I want to use Canu to correct my nanopore long read (version: MinION R9.5), but I am not quite sure how to set the correctErrorRate. Should I follow the Canu manual (Nanopore R7 2D and Nanopore R9 1D Increase the maximum allowed difference in overlaps from the default of 14.4% to 22.5% with correctedErrorRate=0.225), or you guys have a better option?
It's generally a good idea to trust the "official" suggestions. You can also adjust the error rate based on coverage according to parameter reference:
For low coverage datasets (less than 30X), we recommend increasing correctedErrorRate slightly, by 1% or so.

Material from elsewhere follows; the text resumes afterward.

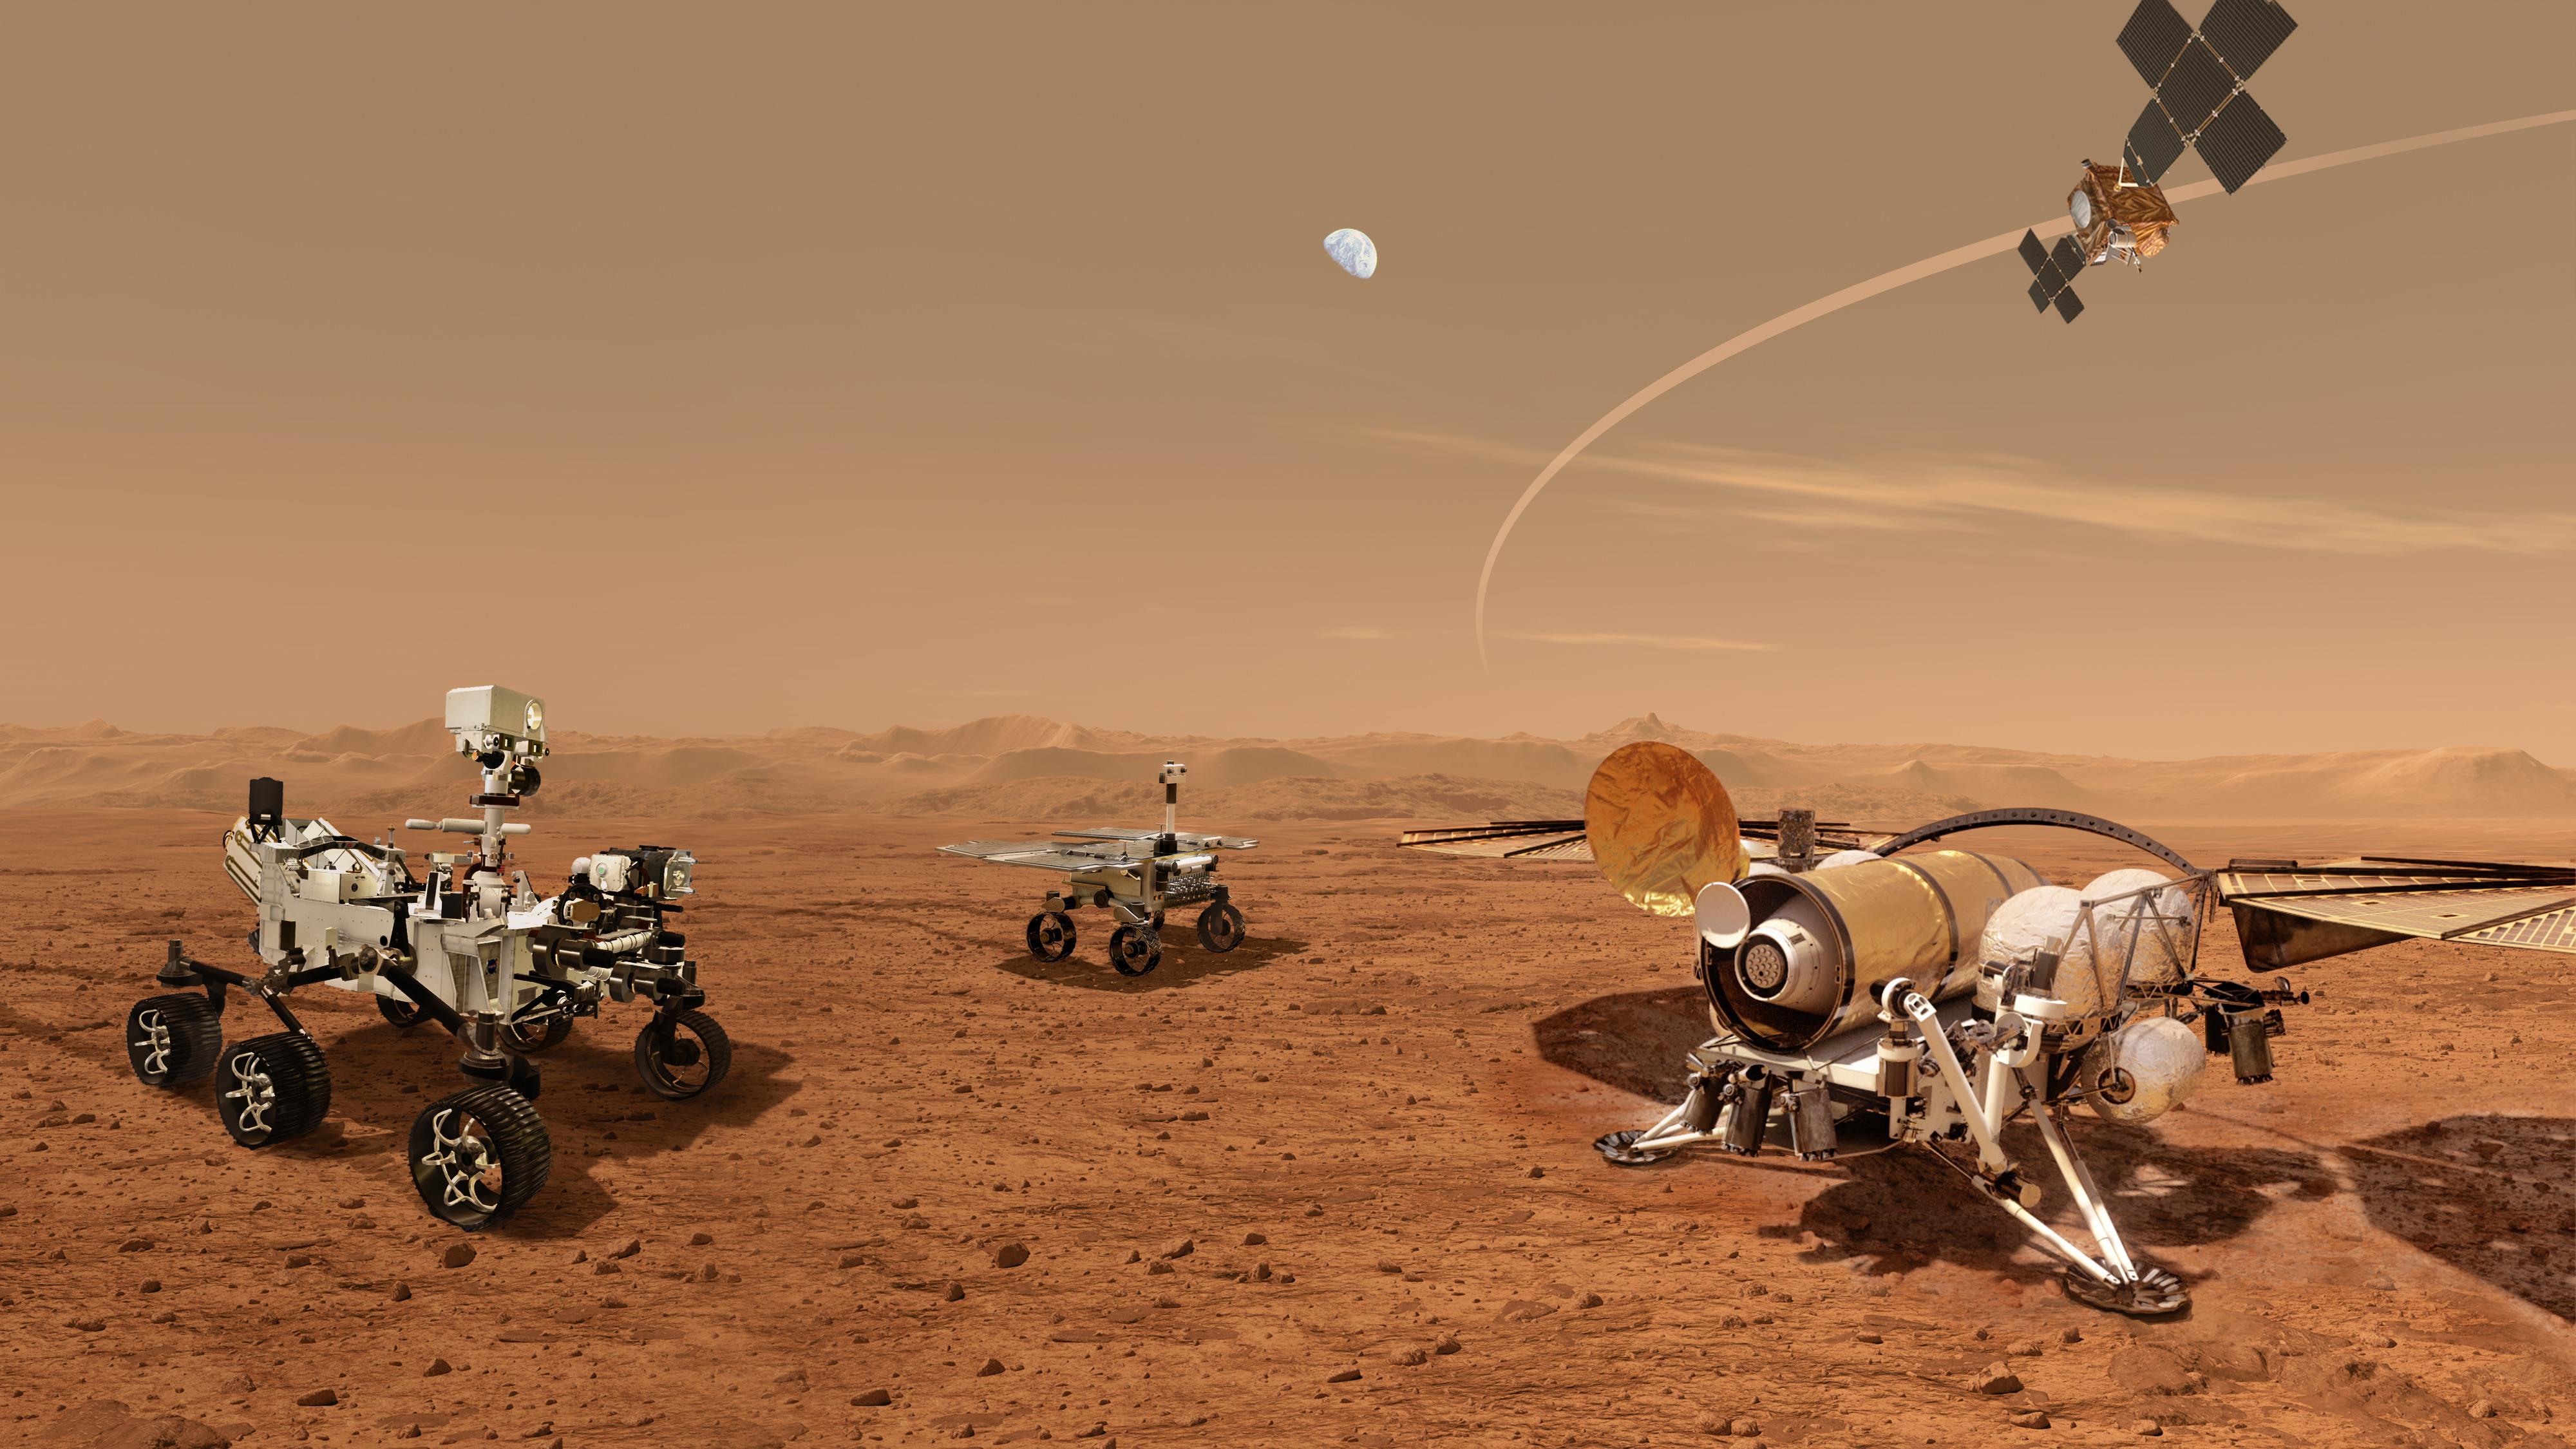 Mars Sample Return Artists Concept

For high-coverage datasets (more than 60X), we recommend decreasing correctedErrorRate slighly, by 1% or so.
Raising the correctedErrorRate will increase run time. Likewise, decreasing correctedErrorRate will decrease run time, at the risk of missing overlaps and fracturing the assembly.
That being said, the sequencing quality can vary from between libraries or flow cells. The error rate is not a constant.

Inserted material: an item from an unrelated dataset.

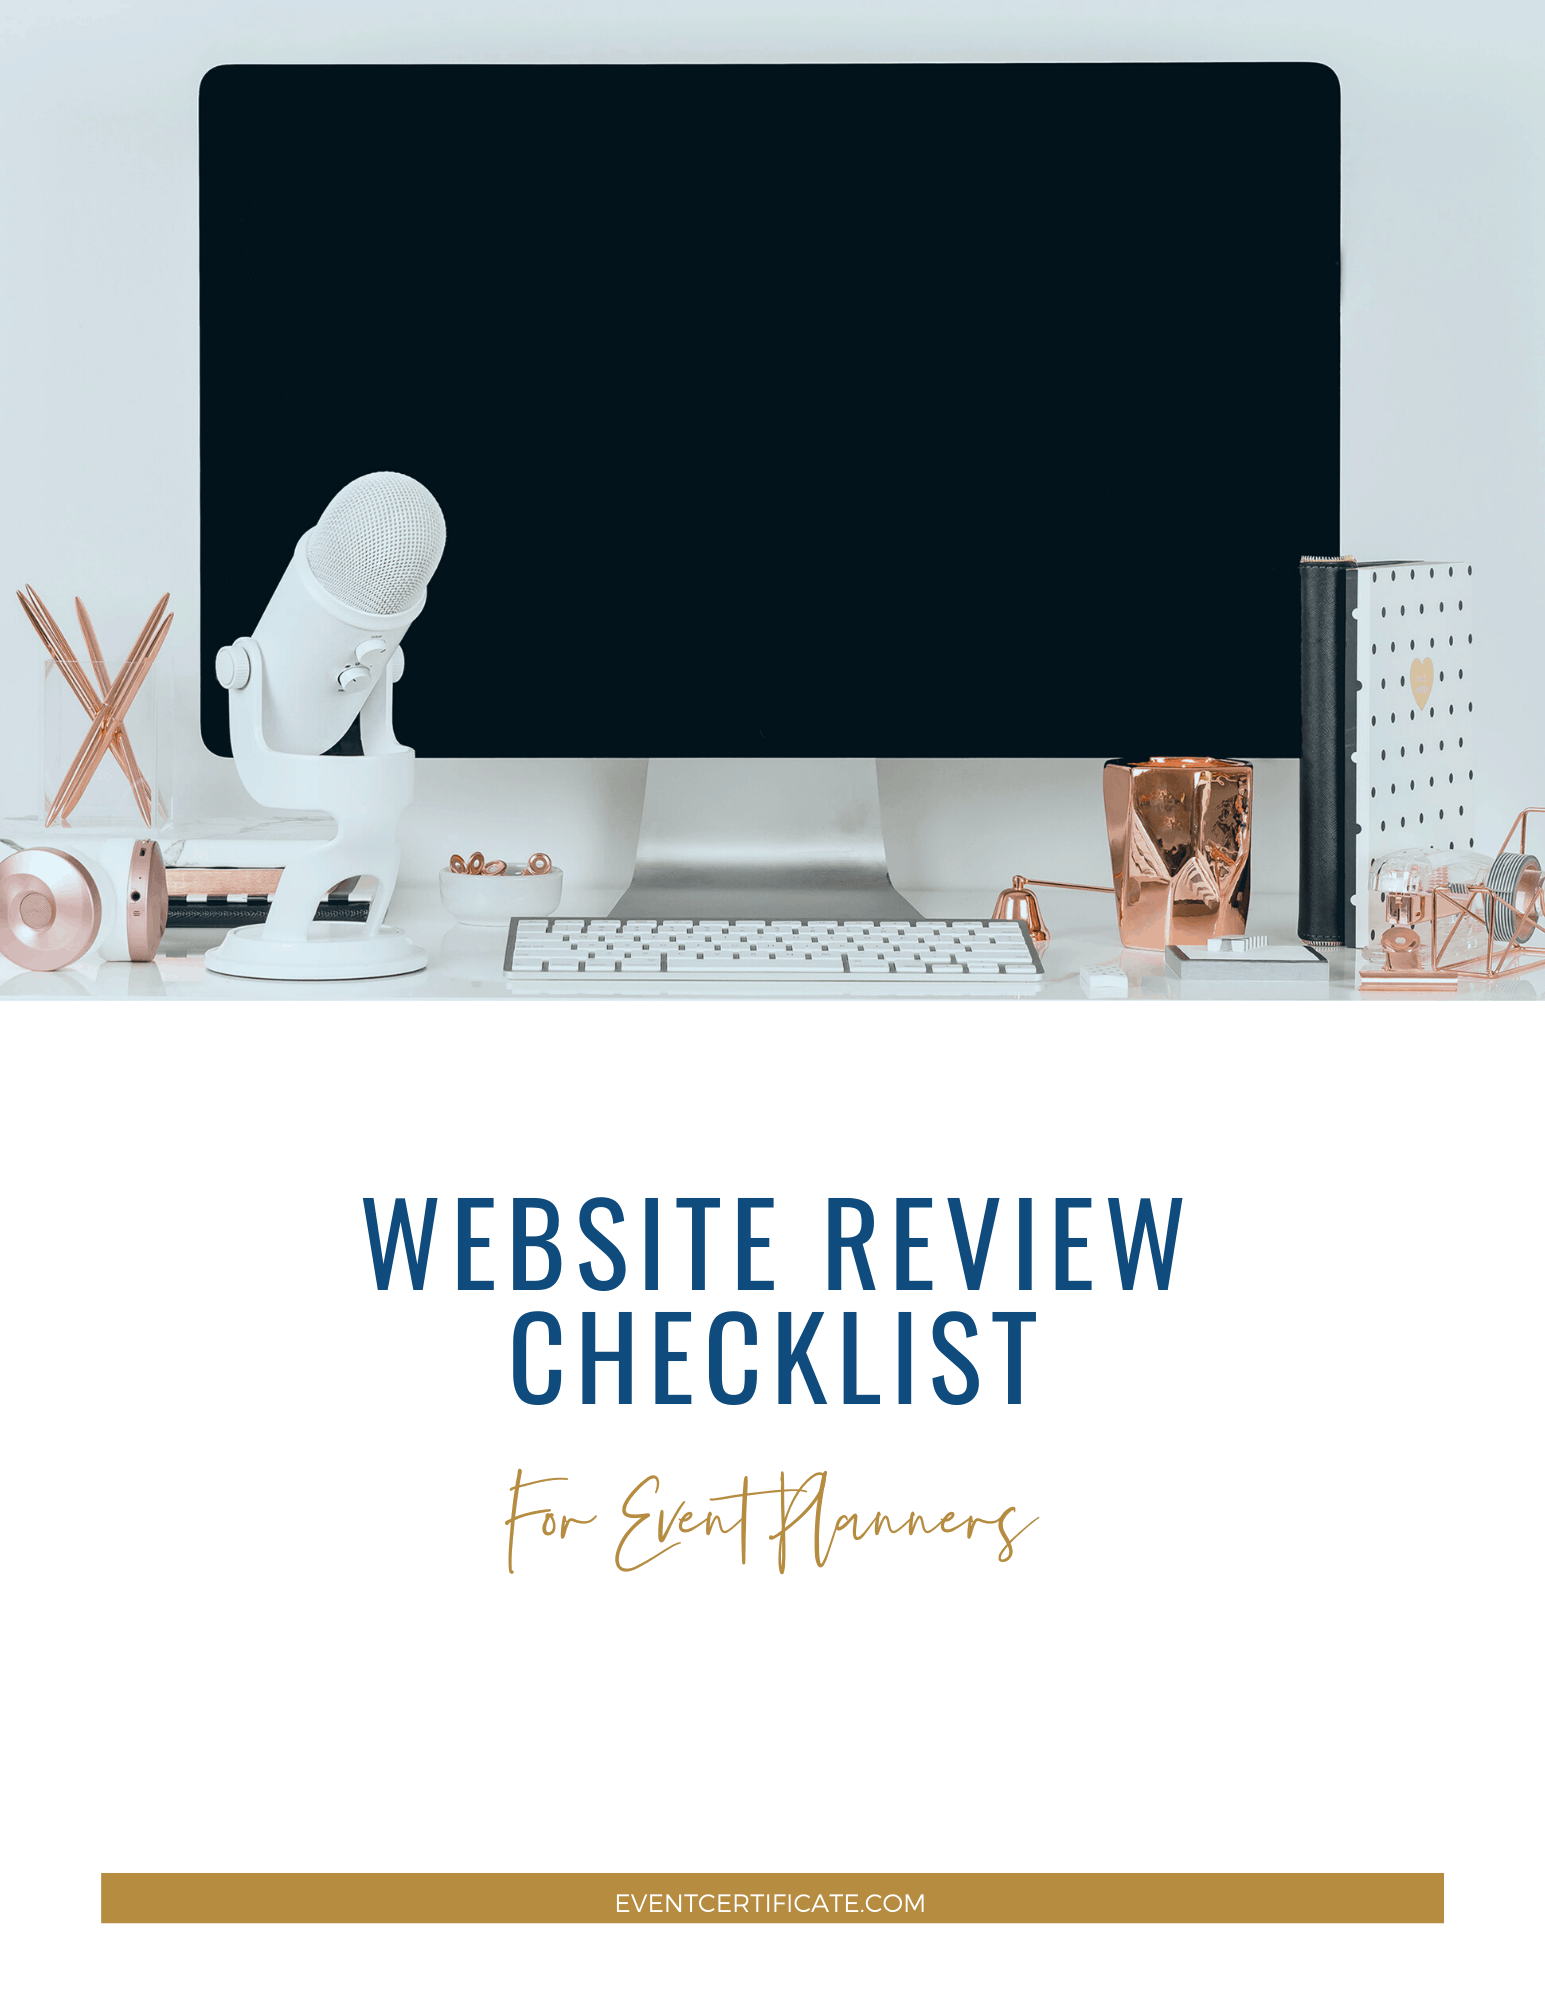 Website Review Checklist

According to the developer (full thread):
if you want to assemble 1D data or have a bad run, it is possible you would need to increase the error rate. You could run with a high error rate (0.1) and look at the distribution of overlap error rates in the unitig step to look for a peak in the distribution. If you have a near neighbor you could also map the corrected reads to it and estimate the residual error that way.
There seems to be some confusion here.
For the first stage of the Canu pipeline (read correction), i think the parameter to use is rawErrorRate.
From the docs:
rawErrorRate The allowed difference in an overlap between two uncorrected reads, expressed as fraction error. Sets corOvlErrorRate and corErrorRate. The rawErrorRate typically does not need to be modified. It might need to be increased if very early reads are being assembled. The default is 0.300 For PacBio reads, and 0.500 for Nanopore reads.
I think that correctedErrorRate is what you use at the next stages of the pipeline (trimming and assemble).